This wide architectural frieze shows contains scallop shells rendered in high relief, set within arches outlined with egg and dart moldings, between which are wreath-enclosed torches. Above this is a dentil molding. This is printed in numerous shades of gray, with larger fills of complementary colors of red and green. There are also elements printed with gold mica flakes, like glitter. The glitter is used to highlight the relief of the printed architectural elements.
Wallpapers which contained mica flakes were referred to as a “flitters” or flitter friezes. Flitters seem to have been popular only for a short period around 1910. The application of mica flakes was used primarily on wide friezes but was also occasionally used on sidewall and ceiling papers. Samples of window shades in the collection also contain mica flakes. Similar applications of mica can also be found on postcards of the period, frequently those having a more romantic or personal nature.
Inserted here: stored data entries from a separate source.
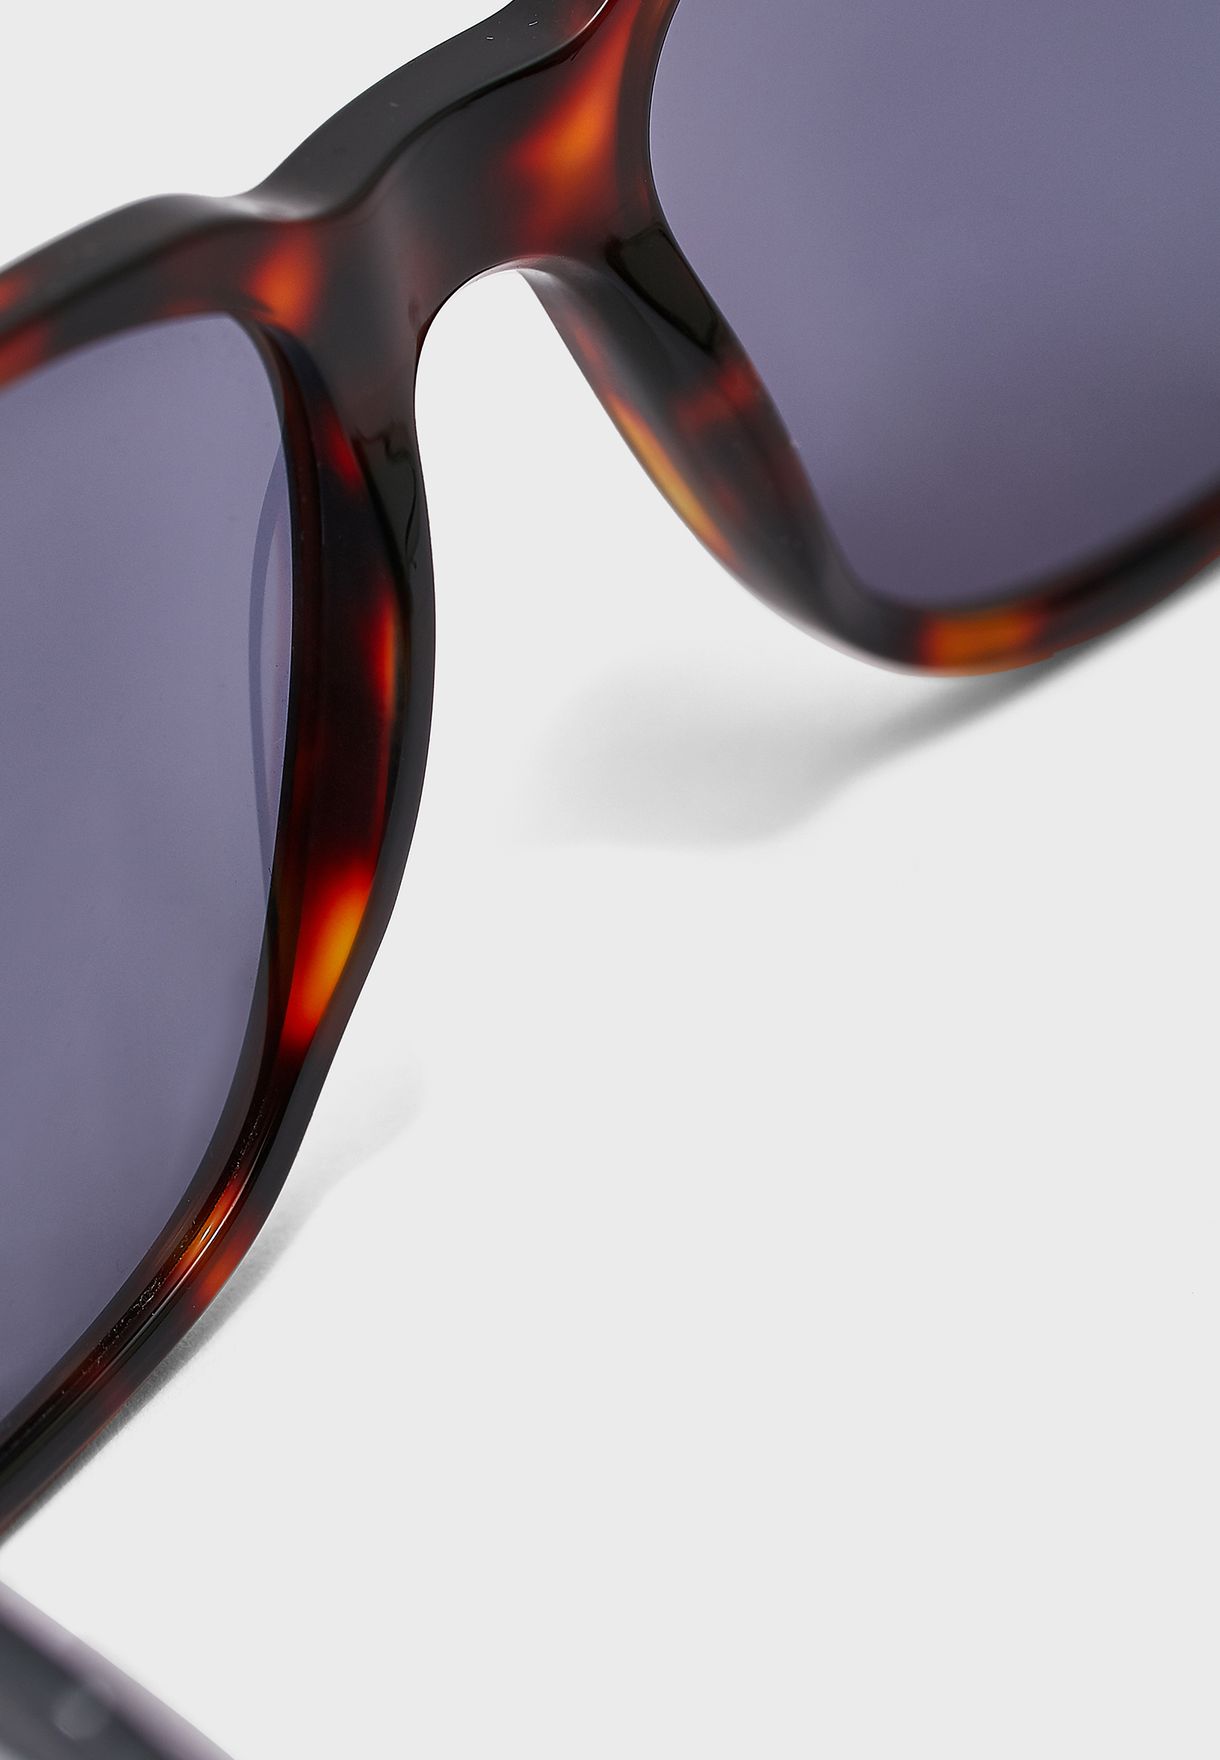 L910S Wayfarer Sunglasses
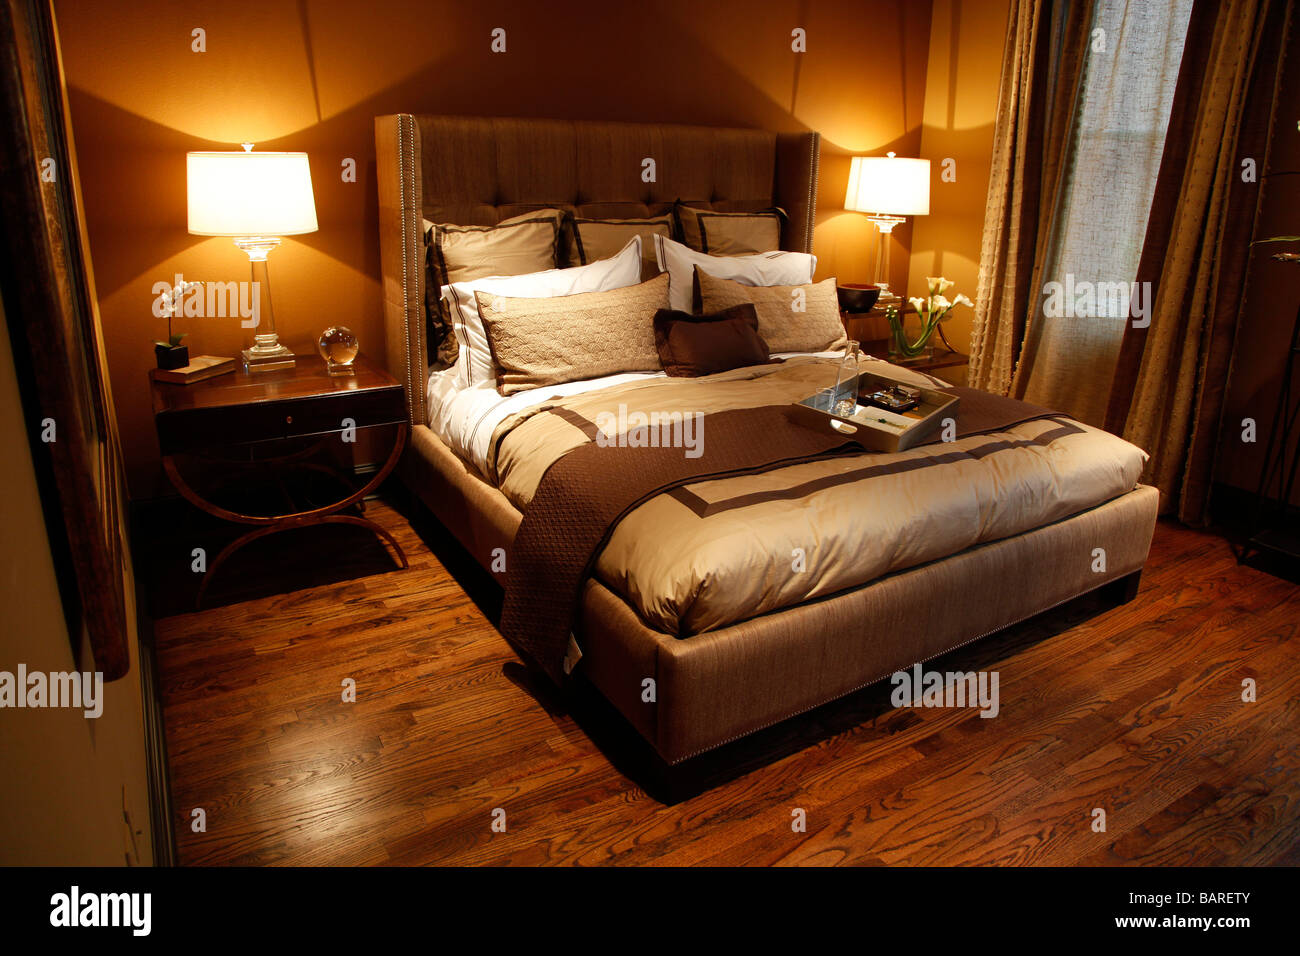 Model home bedroom in modern home Stock Photo
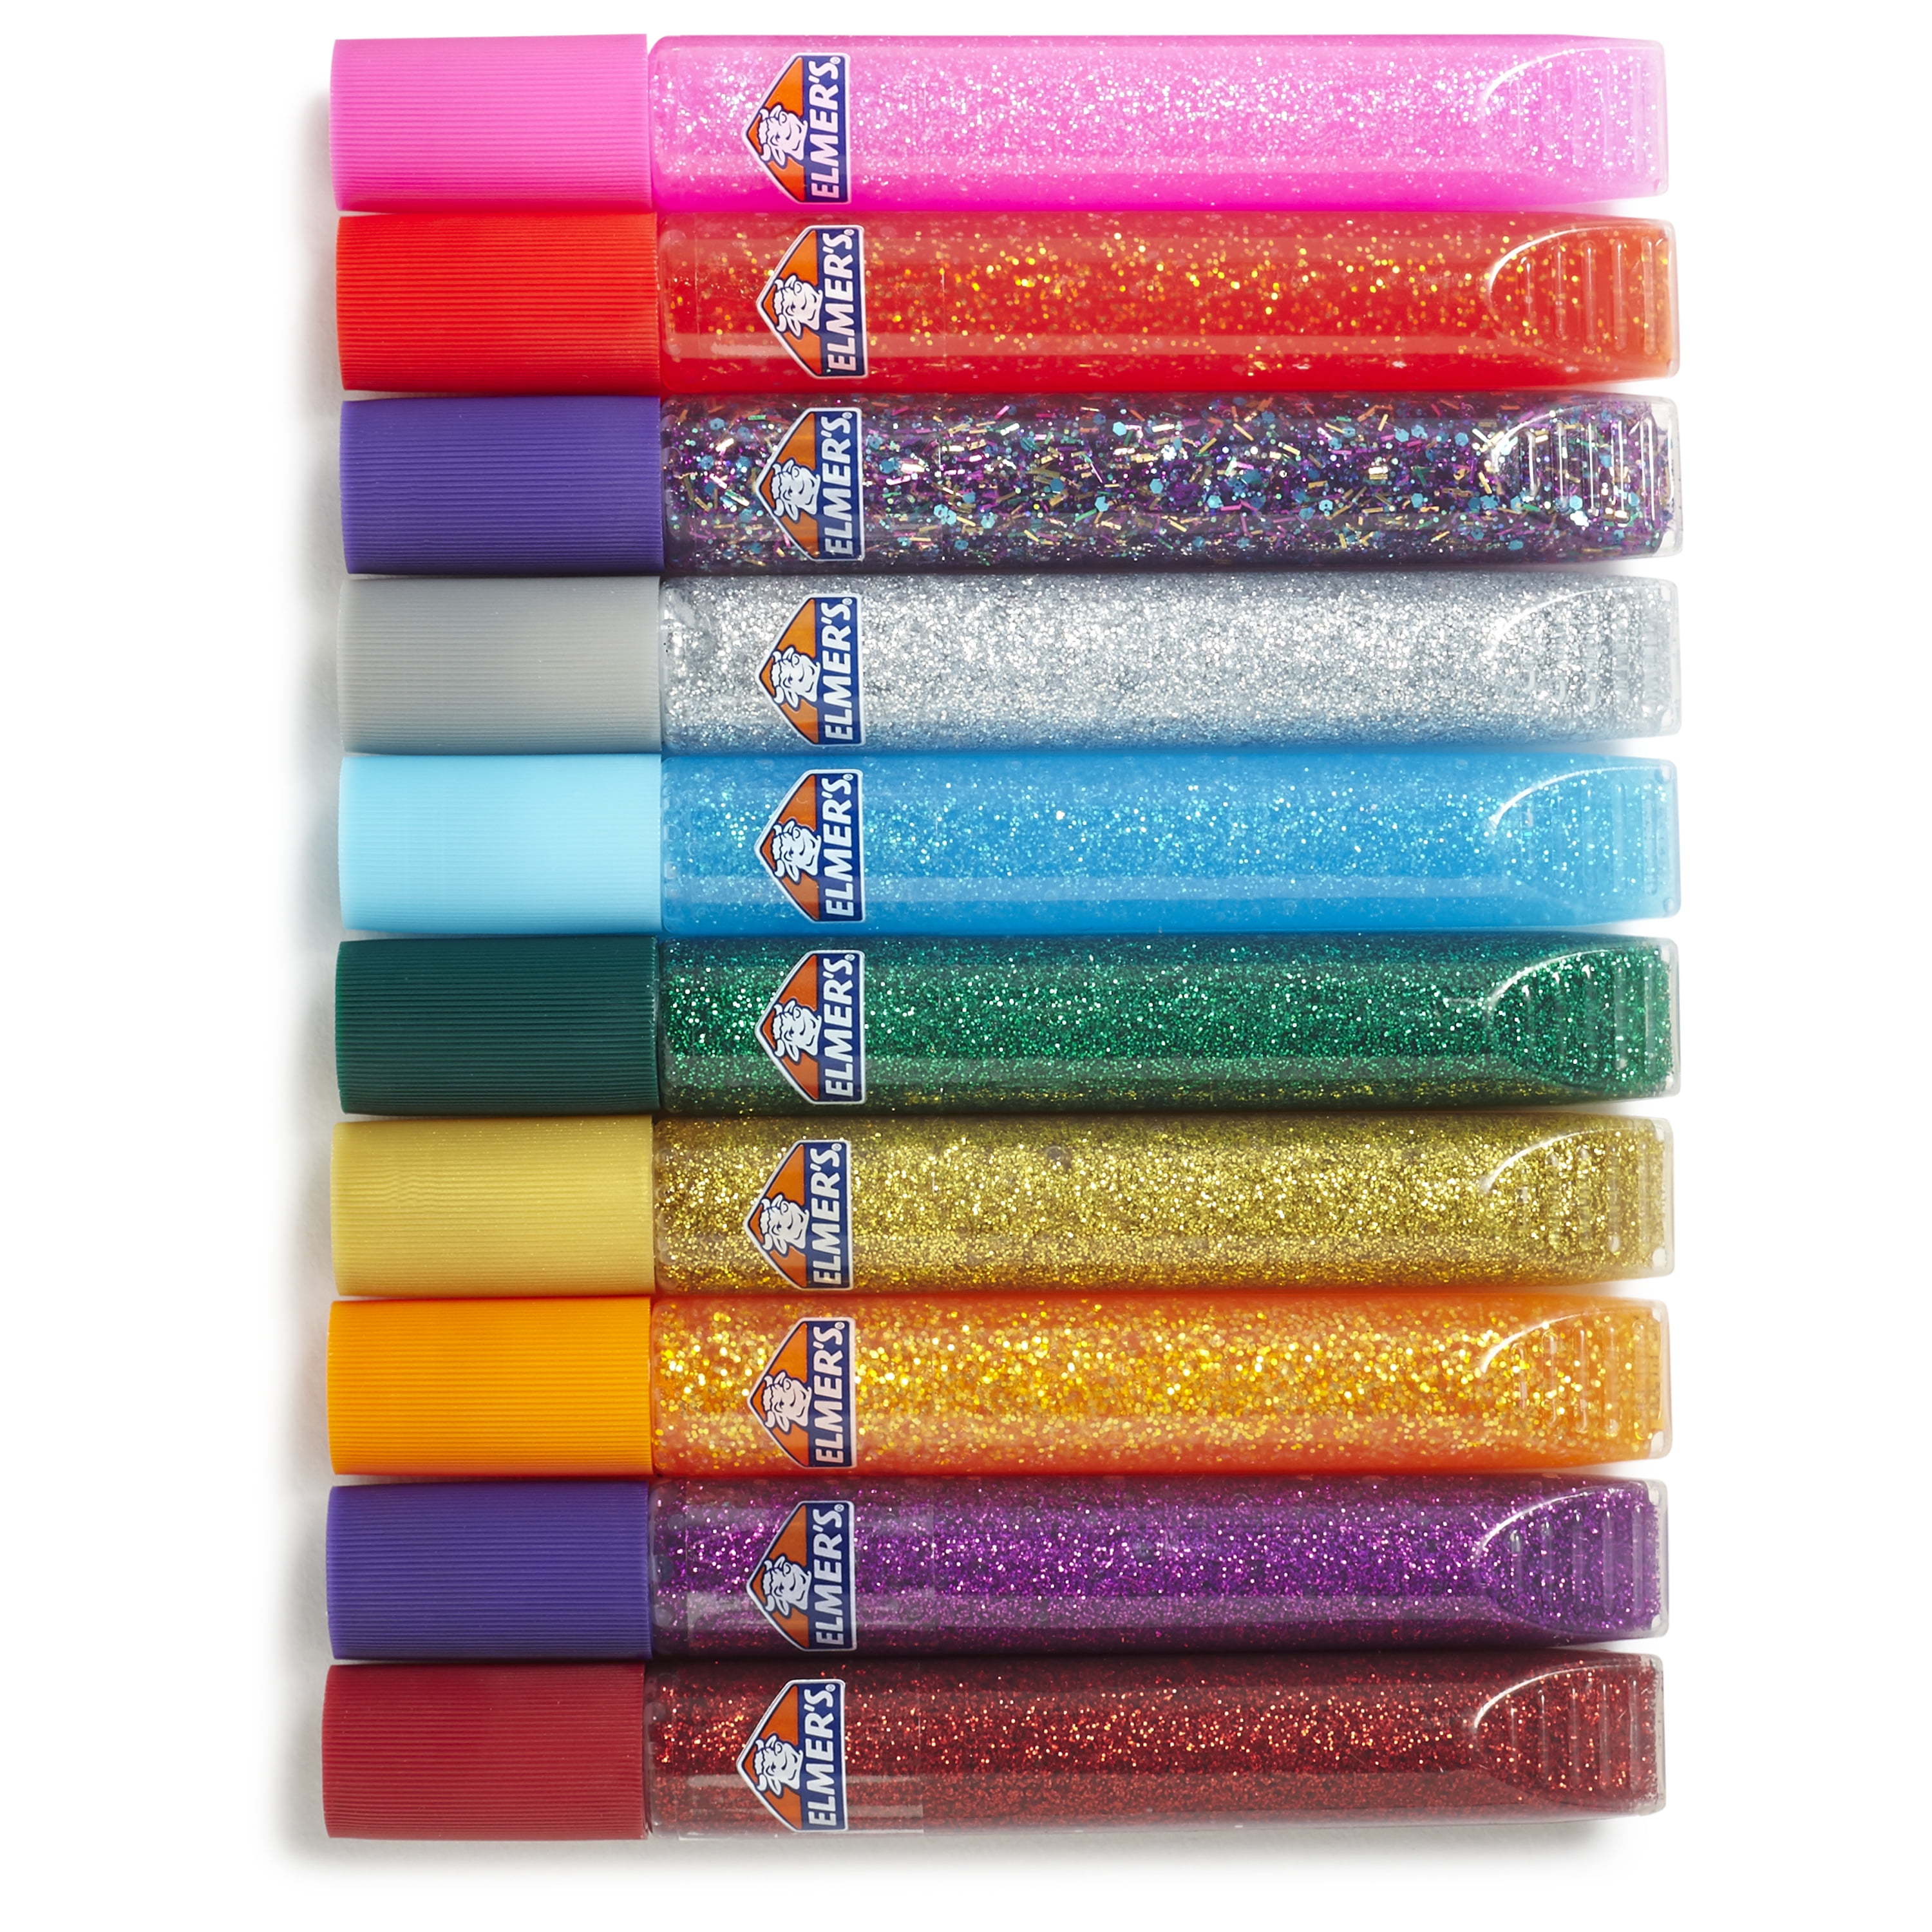  Elmer's Washable Glitter Glue Pens, Pack of 5 Pens, Bright  Confetti Glitter Colors (E653) : Arts, Crafts & Sewing
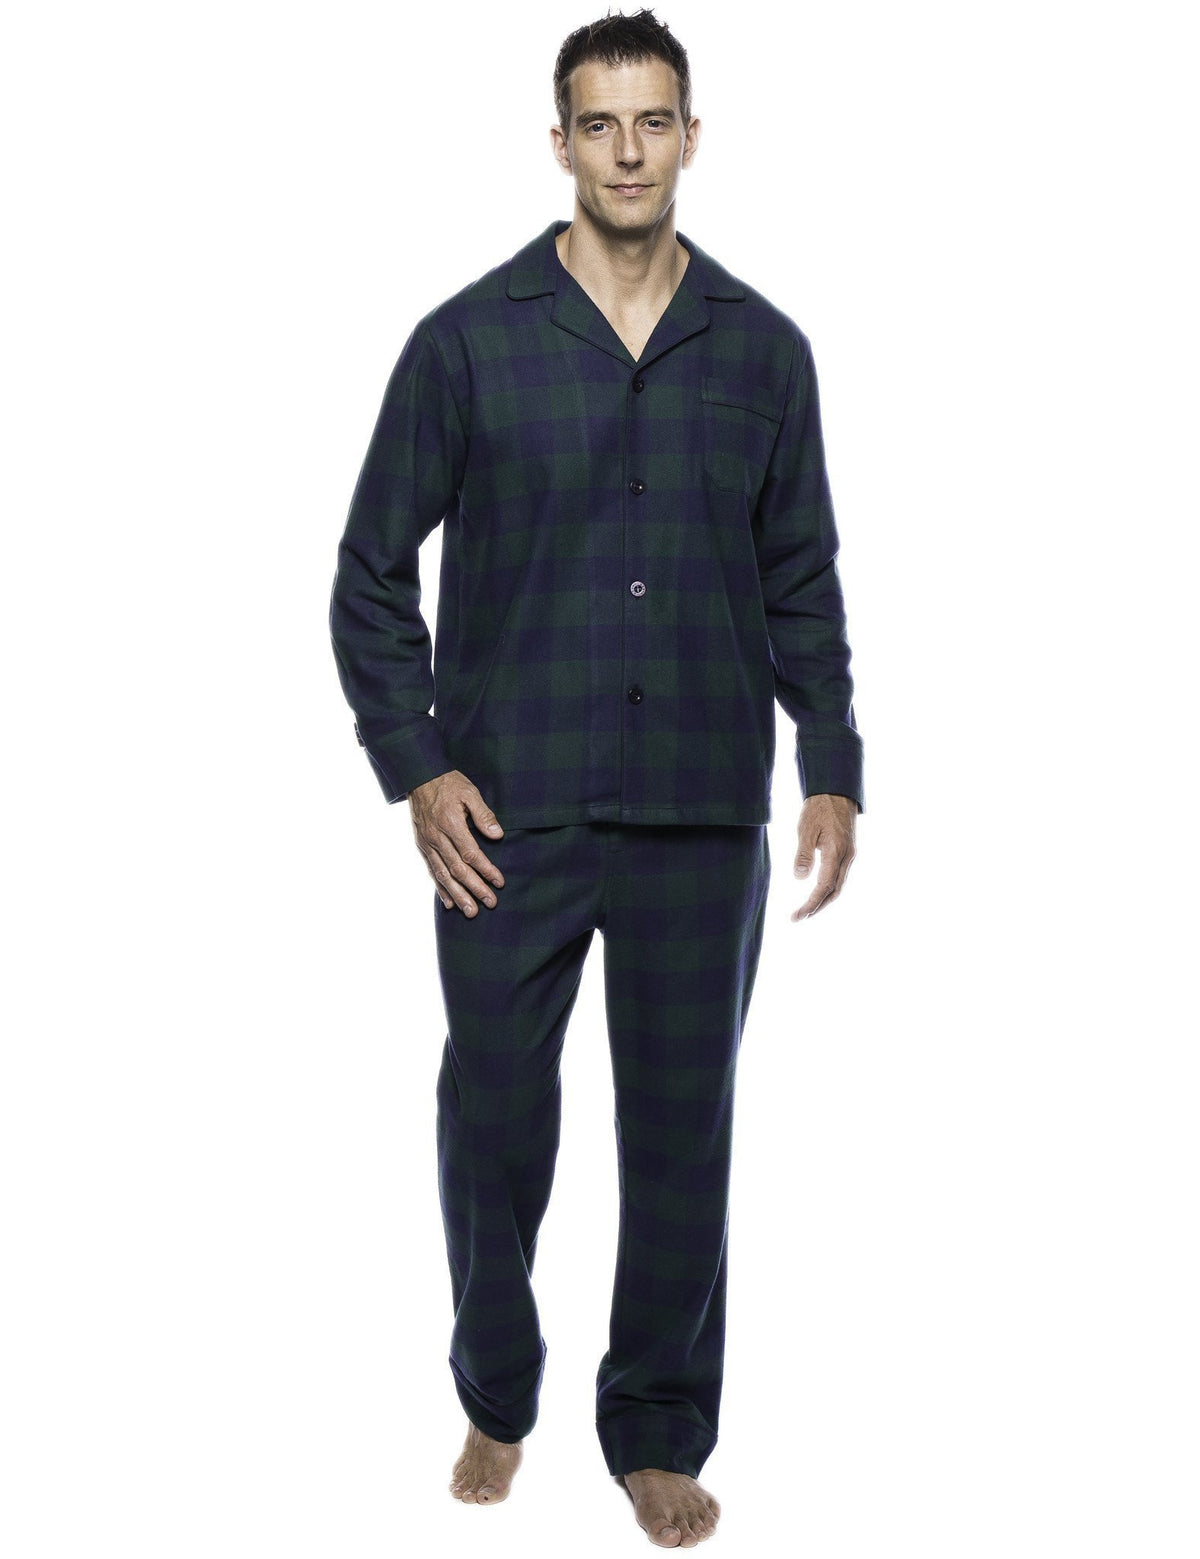 Box Packaged Men's Premium 100% Cotton Flannel Pajama Sleepwear Set - Gingham Green/Navy

This frieze is part of a dramatic architectural wall treatment or panel decoration that includes brackets, columns, and dentils. Shown in the illustration is a treatment which includes three different flitter friezes and a columned wallpaper, a suggestion recommended by the manufacturer in the 1907 trade publication Wall Paper News. This type of décor would be used above a chair rail or wainscot, and would probably be found in the library or study, entry foyer, or hallway.
Imperial began printing wallpaper in 1901 as Imperial Paper and Color Company. They incorporated in 1962 and operated as Imperial Wallpaper Mill, Inc. When Imperial later merged with Sunworthy Wallcoverings they became the world’s largest wallpaper company.